4

I see two different formulae.

https://www.comp.nus.edu.sg/~cs5240/lecture/matrix-differentiation-c.pdf

In this slides page 9, the derivative of $Ax$ is $A$.

But in some other documents such as http://faculty.arts.ubc.ca/vmarmer/econ627/vector%20diff.pdf. The derivative is $A^T$.

How to properly evaluate the derivative of Ax?

  • 1
    It looks to me like the second document also gives the derivative as $A$. –  Sep 14 '18 at 07:18

3 Answers3

9

Let use the definition by differential

$$f(x_0+\Delta x)=f(x_0)+f'(x_0)\Delta x+o(\Delta x)$$

and by $f(x)=Ax$

$$A(x_0+\Delta x)=Ax_0+A\Delta x$$

therefore $f'(x)=A$.

user
  • 162,563
6

The differential of $f(x)= Ax$ at a point $x_0$ is $Df(x_0)= A$.

This is because

$$\lim_{h\to 0} \frac{\|f(x_0+h) - f(x_0) - Df(x_0)h\|}{\|h\|} = \lim_{h\to 0} \frac{\|A(x_0+h) - Ax_0 - Ah\|}{\|h\|} = 0$$

mechanodroid
  • 47,570
3

Its either, depending on your definition of a derivative. for concreteness suppose $x$ is $n\times 1$ and $A$ is $1\times n$. Then $f(x) =Ax$ is scalar valued, so the derivative $\frac{df}{dx}$ is a gradient vector, but what shape should a gradient vector be?
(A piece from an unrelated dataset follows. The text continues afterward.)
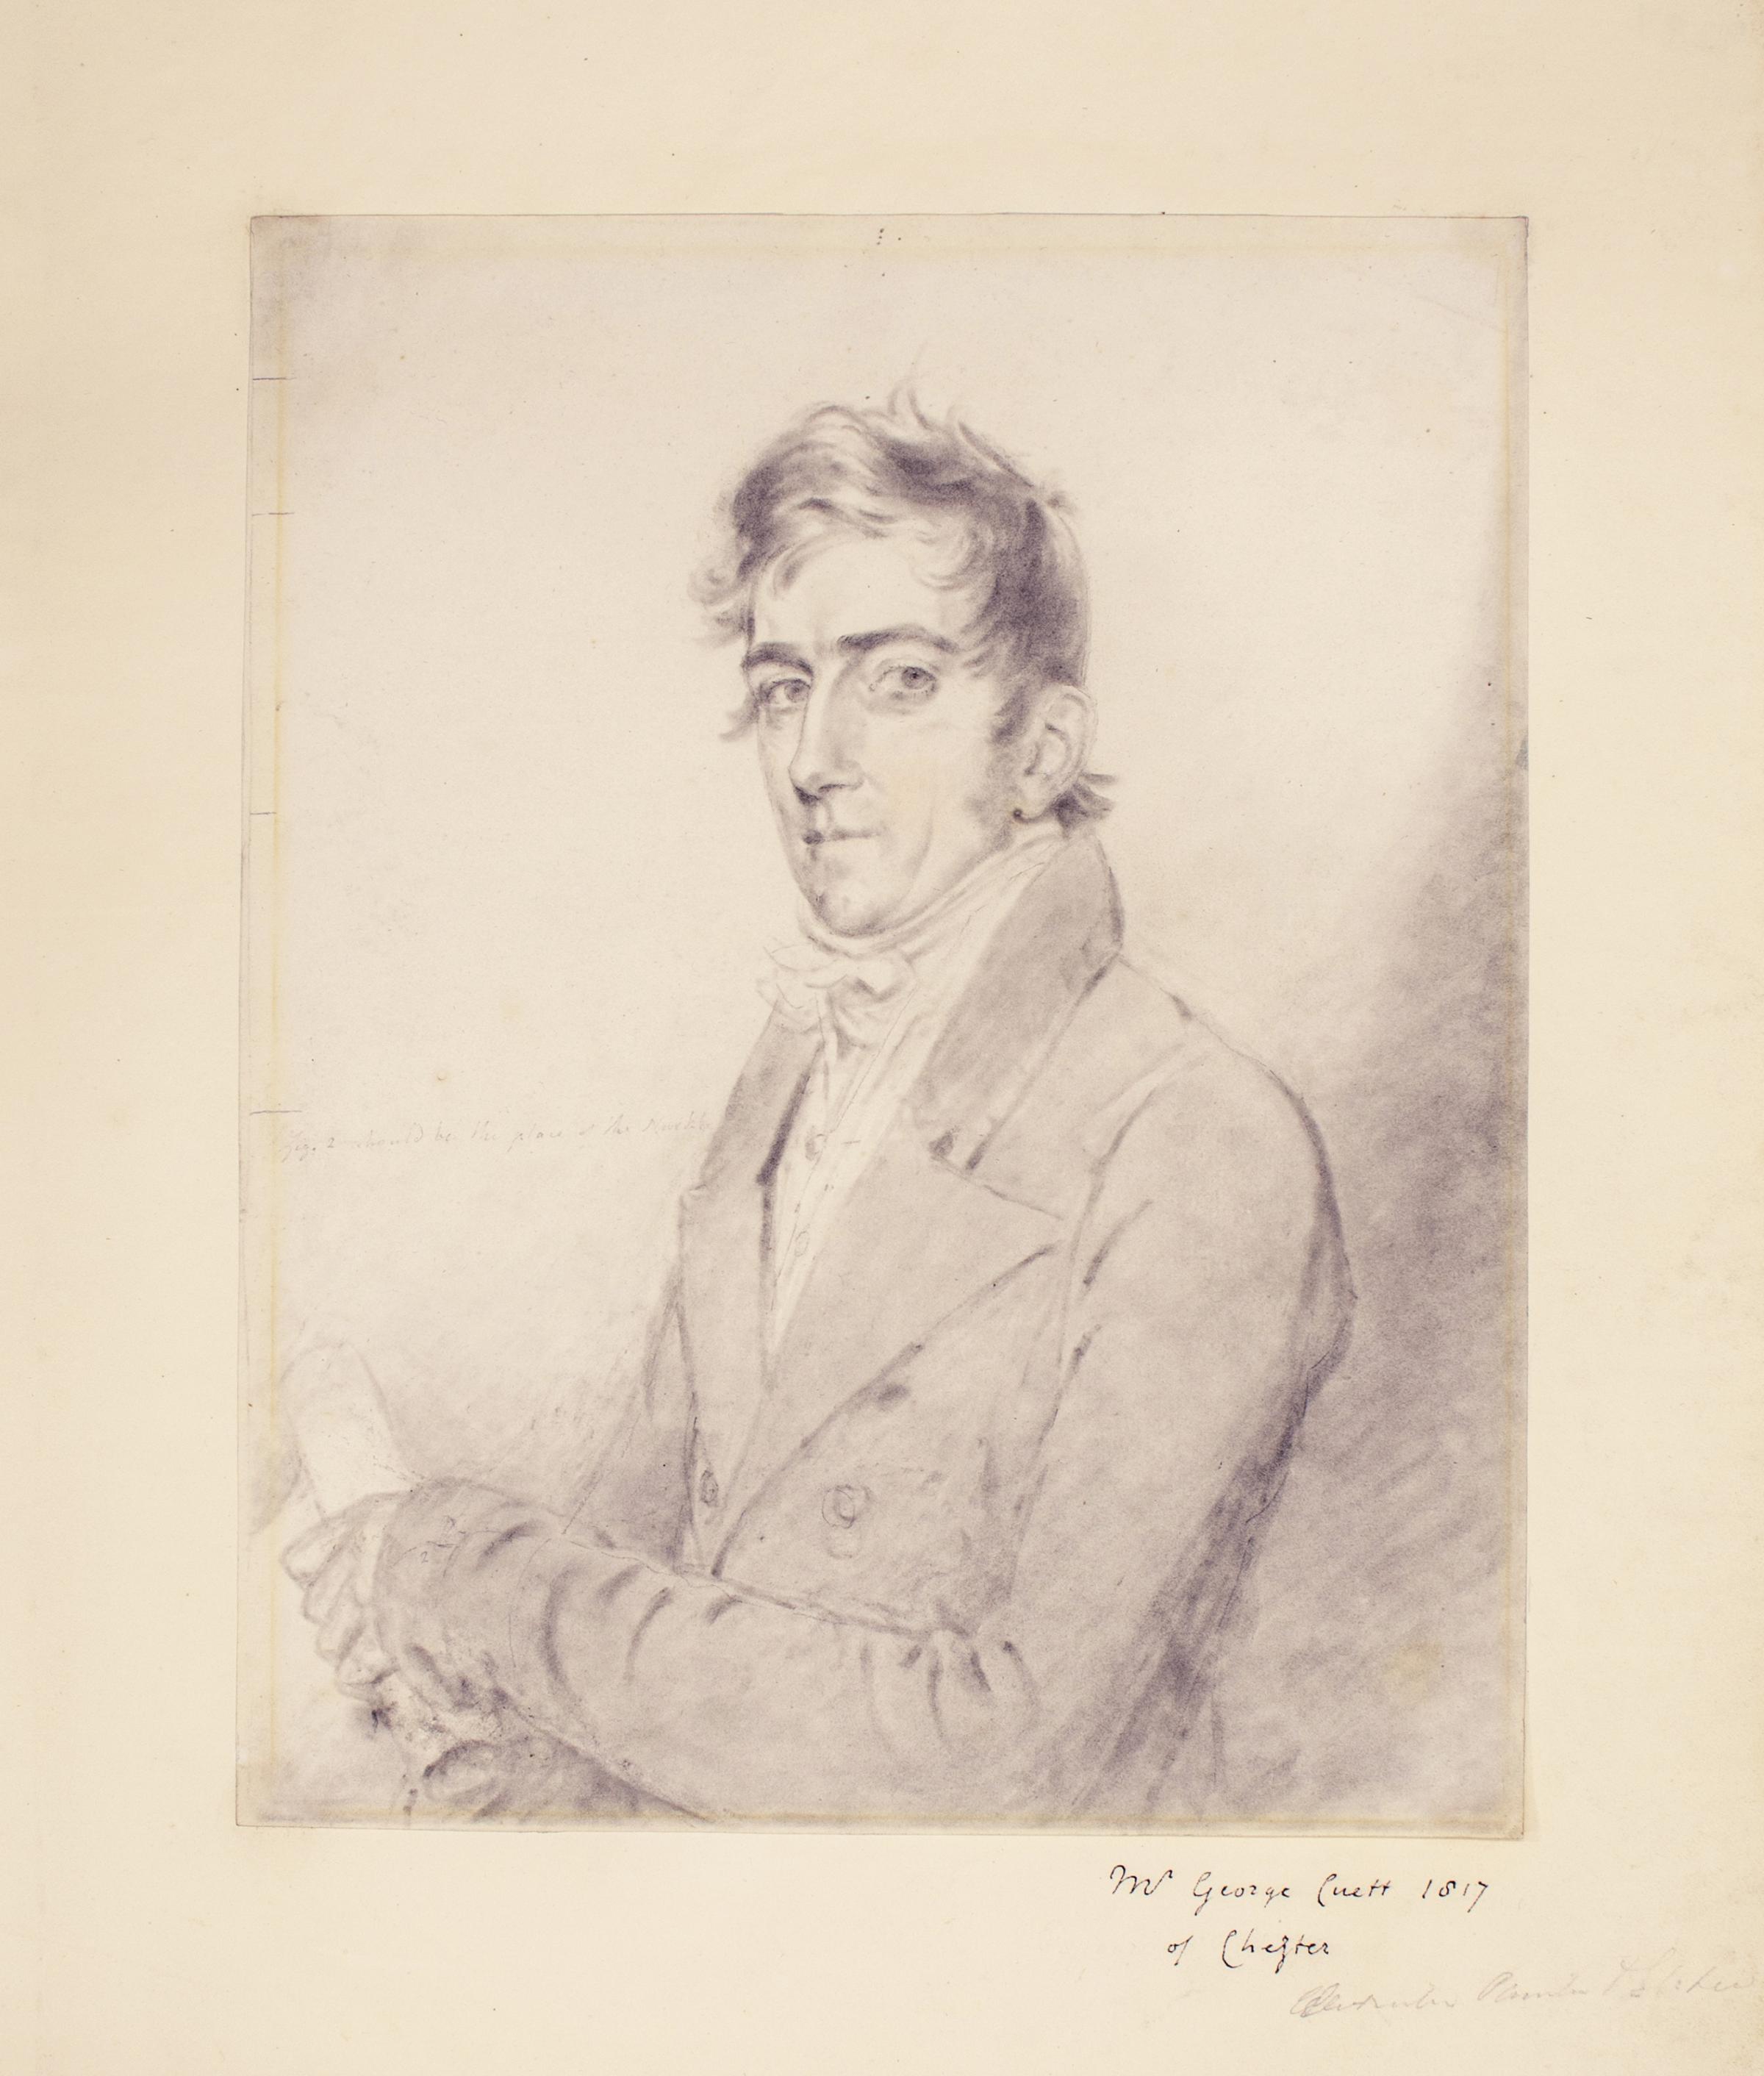 The engraver George Cuitt, by John Downman, 1817. (Grosvenor Museum, Chester)

This is answered by choosing how you prefer to state first order taylor approximation (the defining property of a derivative). The first of two choices is

$$ f(x+h) \approx f(x) + \frac{df}{dx}(x)\cdot h$$ i.e. $ f(x+h) \approx f(x) + (\frac{df}{dx})^T h$, which corresponds to $\frac{df}{dx}(x)=A^T$ having the same shape as $h$. The other alternative is to enforce

$$ f(x+h) \approx f(x) + \frac{df}{dx}(x) h $$ which corresponds to $\frac{df}{dx}=A $ having the shape of the transpose of $h$, $1\times n$.

Calvin Khor
  • 36,192
  • 6
  • 47
  • 102